YOUR TASK: Give back exactly the line containing "Tompa bay gronkaneers v-neck" and all that follow it in the data below, with the pictures left out.

INPUT DATA:

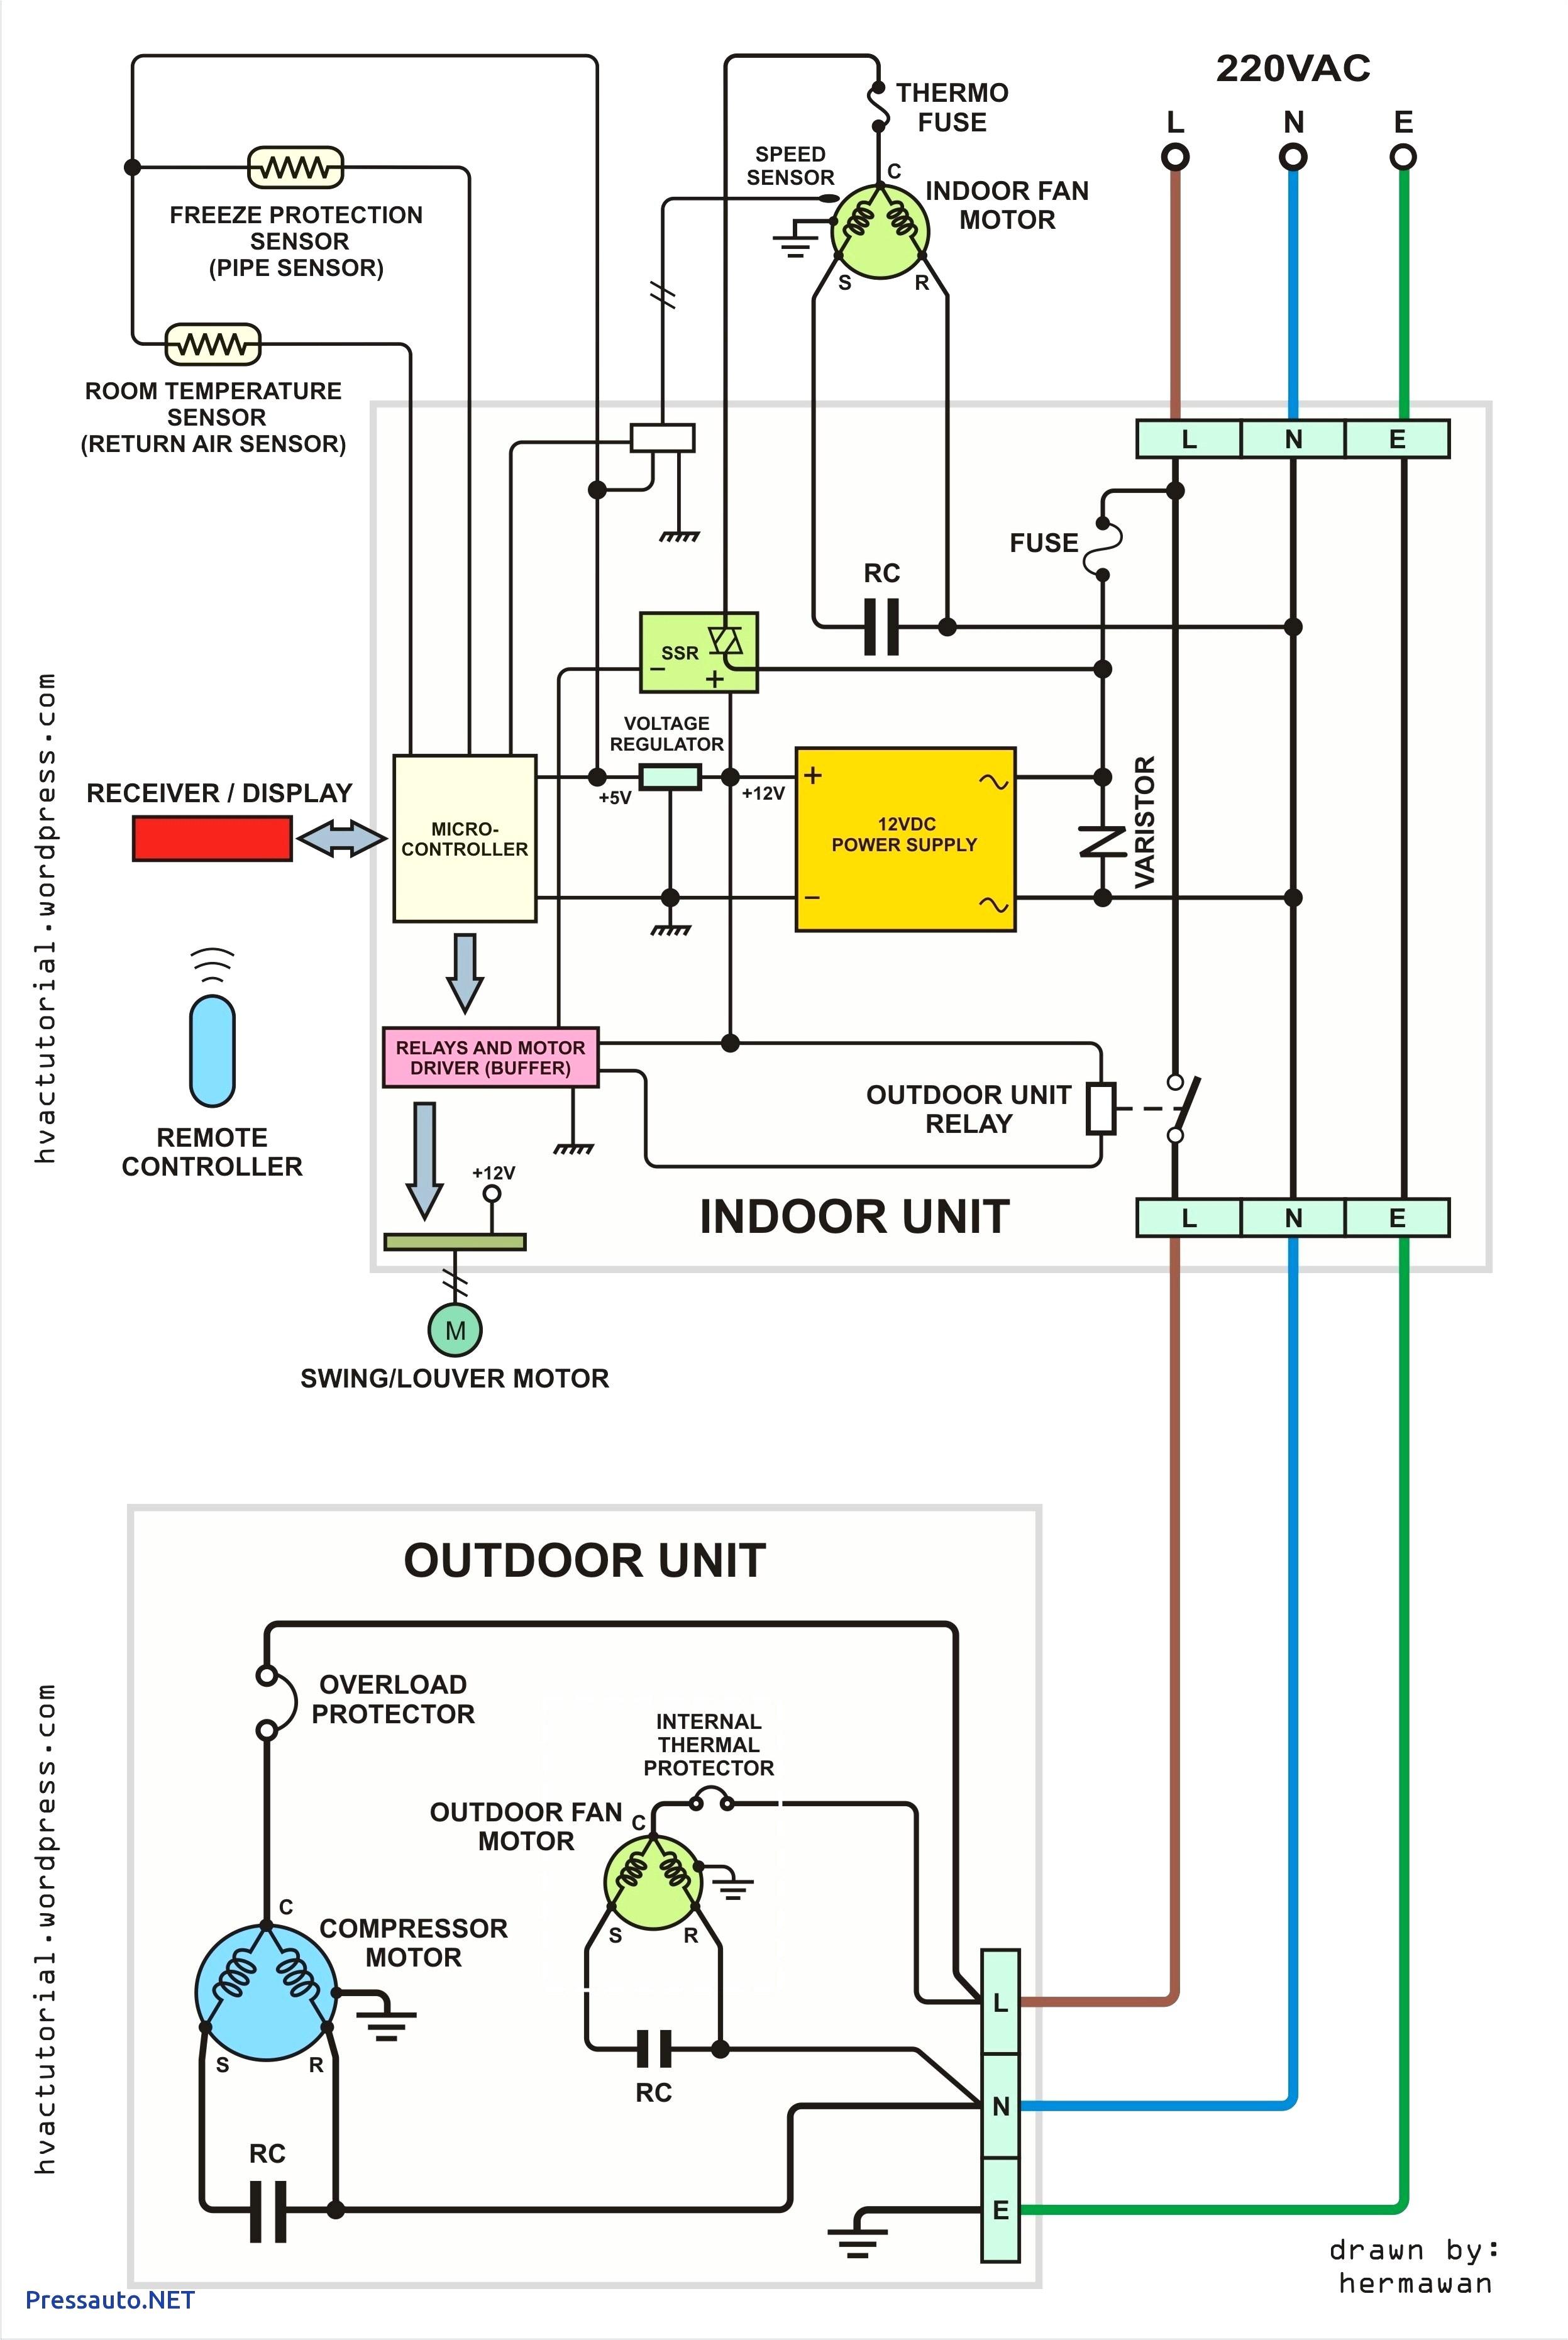 jayco trailer wiring diagram within suburban rv furnace
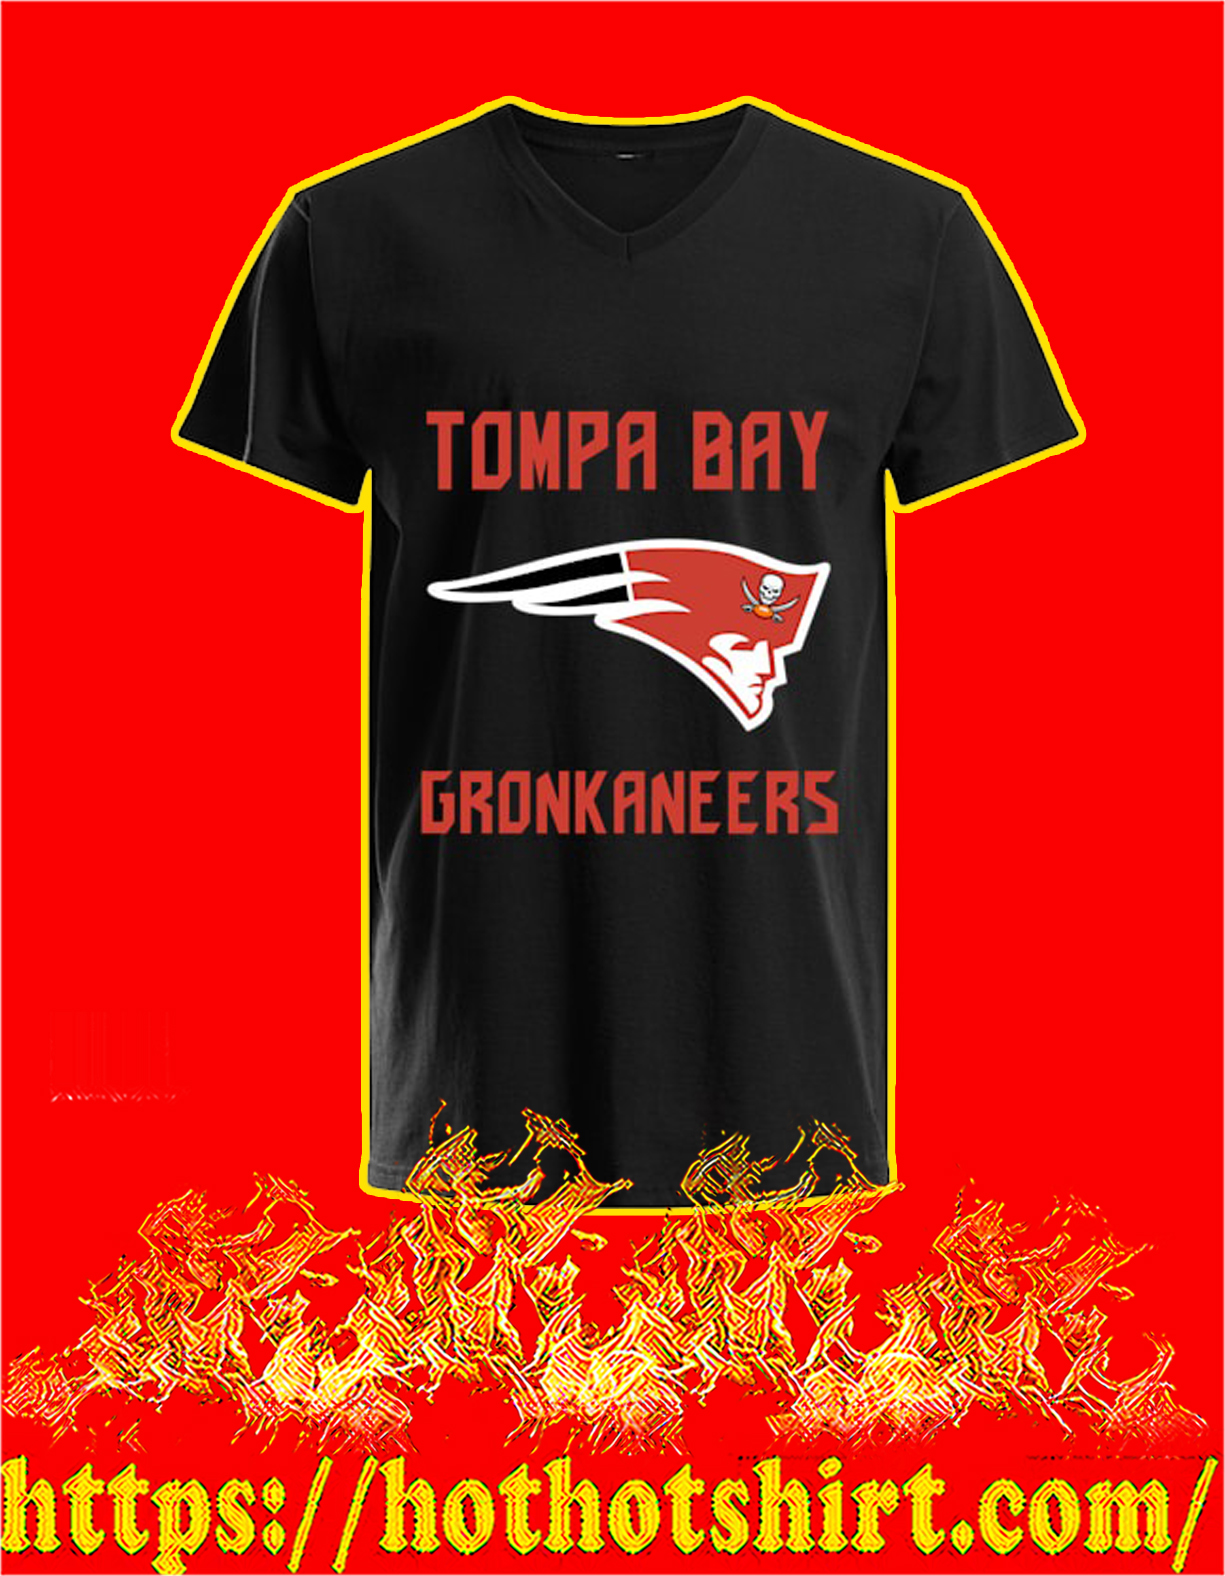 Tompa bay gronkaneers v-neck
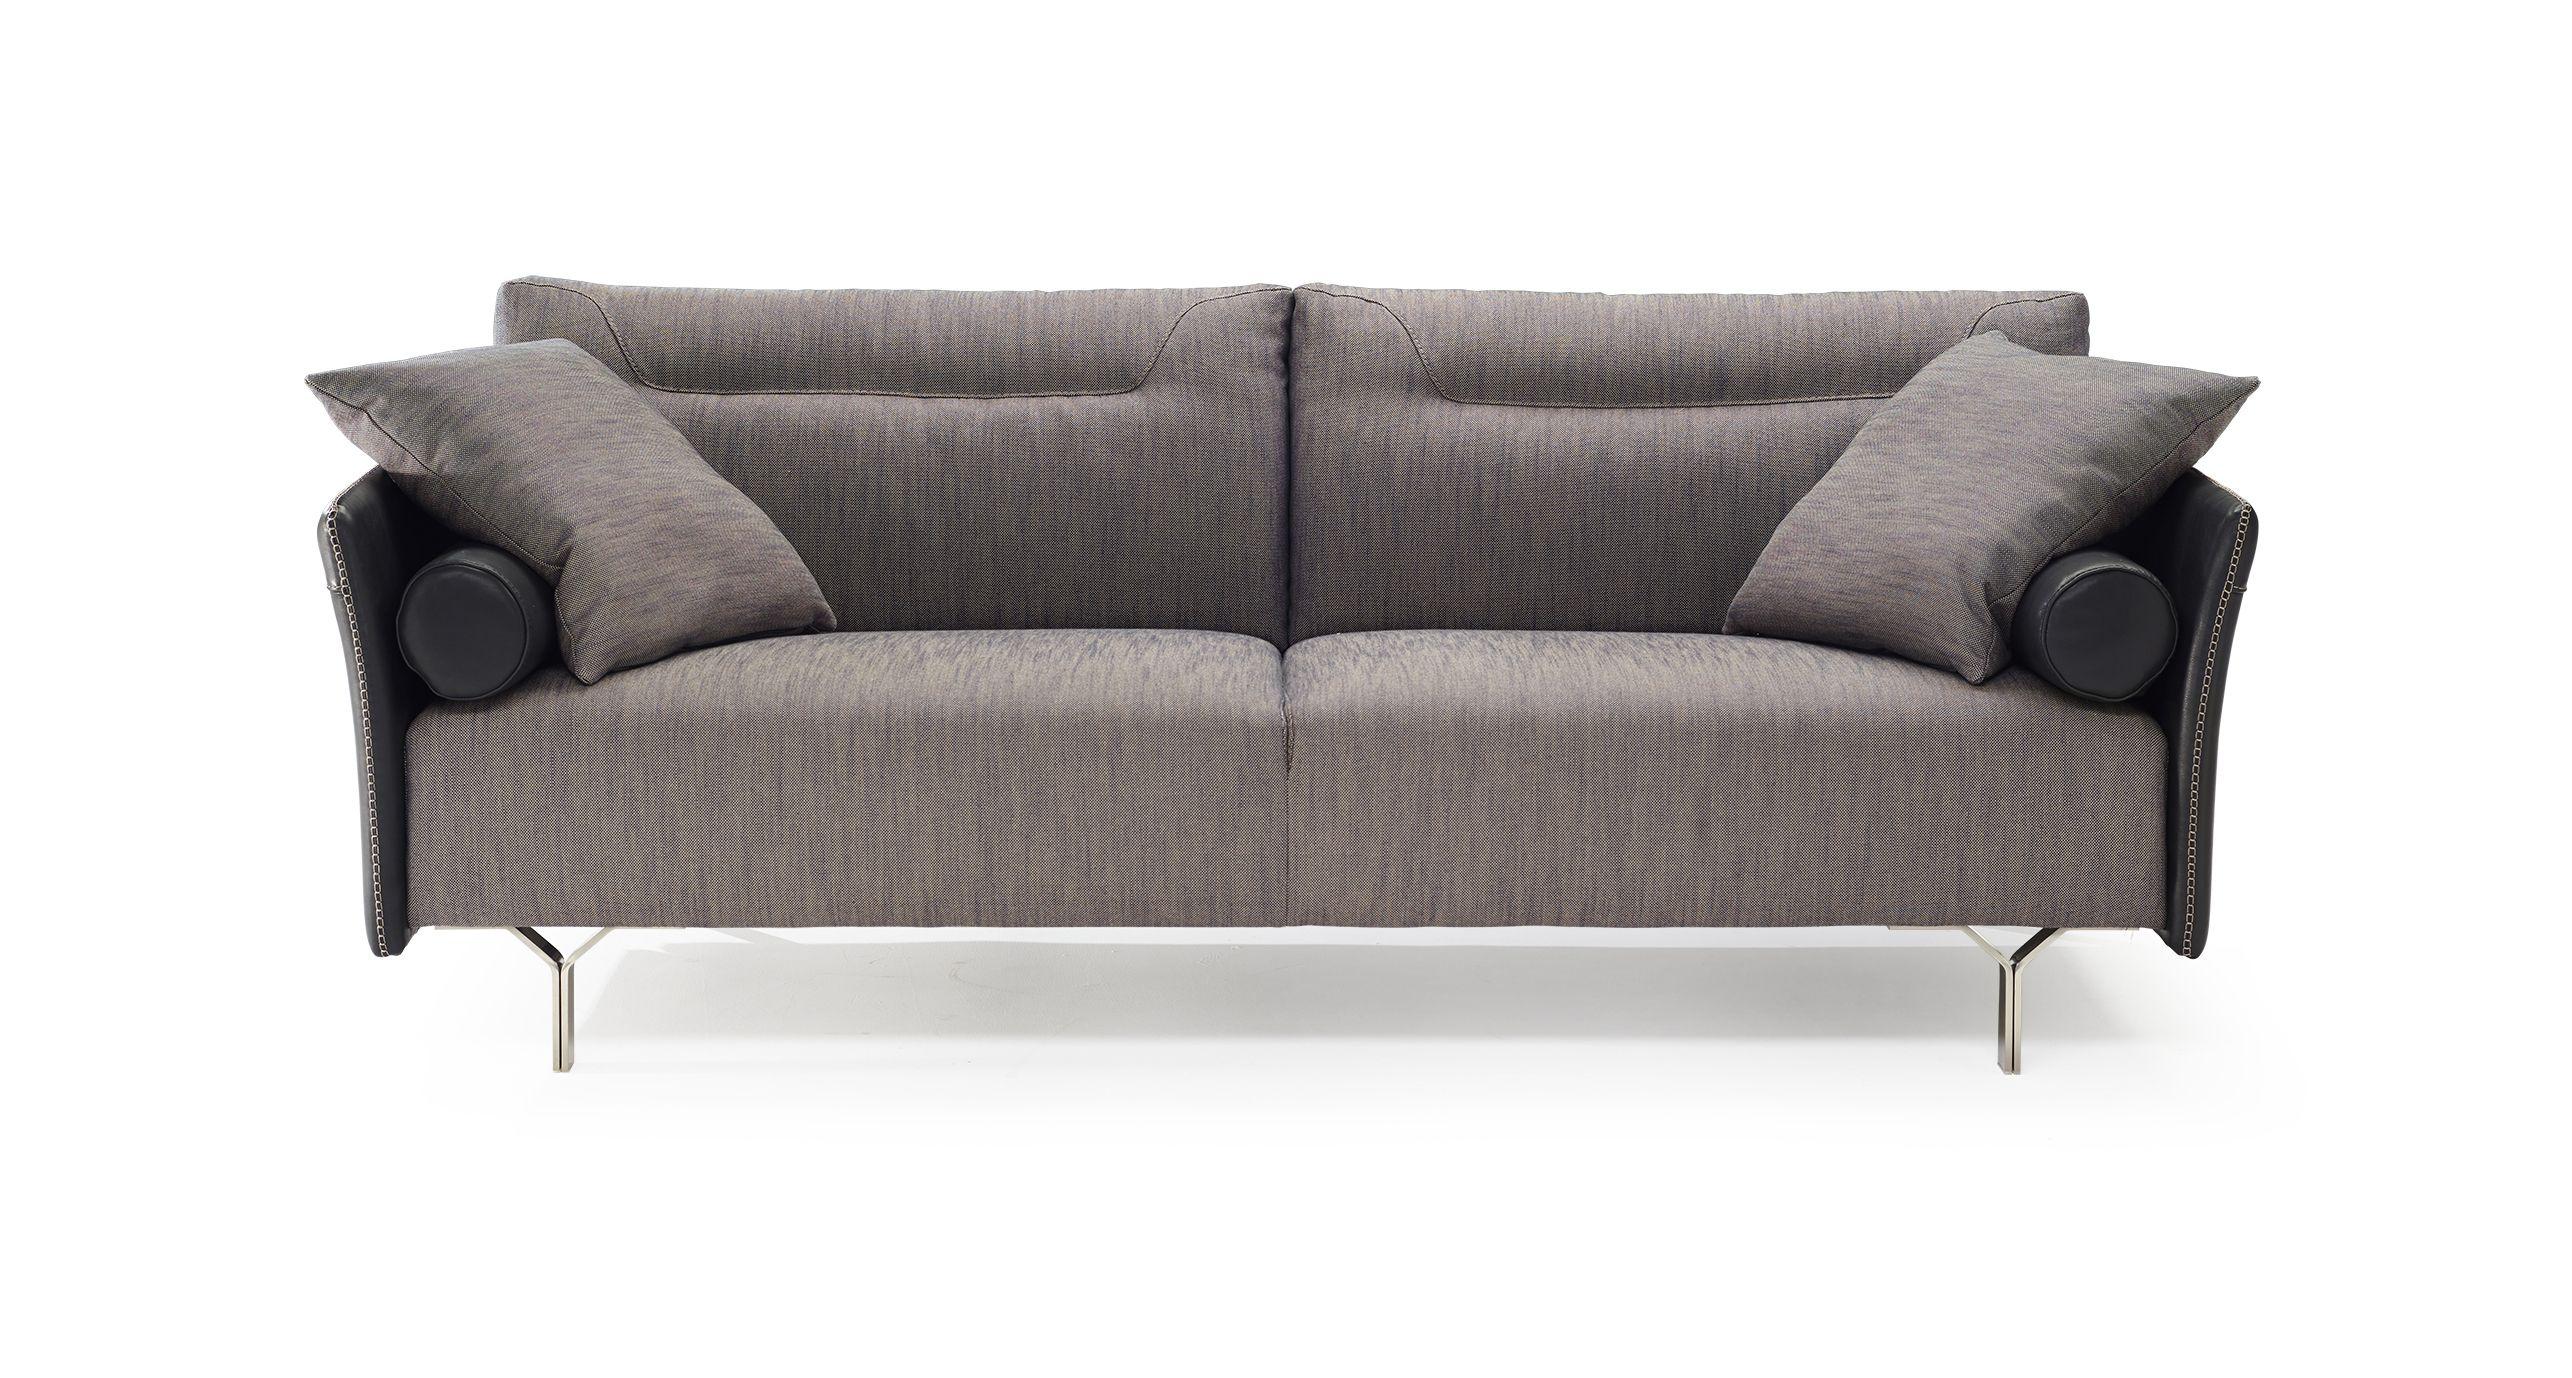 Attractive Tenore Sofa 40BM   Sofas   Natuzzi Italia | Modern Furniture Store  Sacramento Roseville

EXERCISE SOLUTION:
 Tompa bay gronkaneers v-neck
 Attractive Tenore Sofa 40BM   Sofas   Natuzzi Italia | Modern Furniture Store  Sacramento Roseville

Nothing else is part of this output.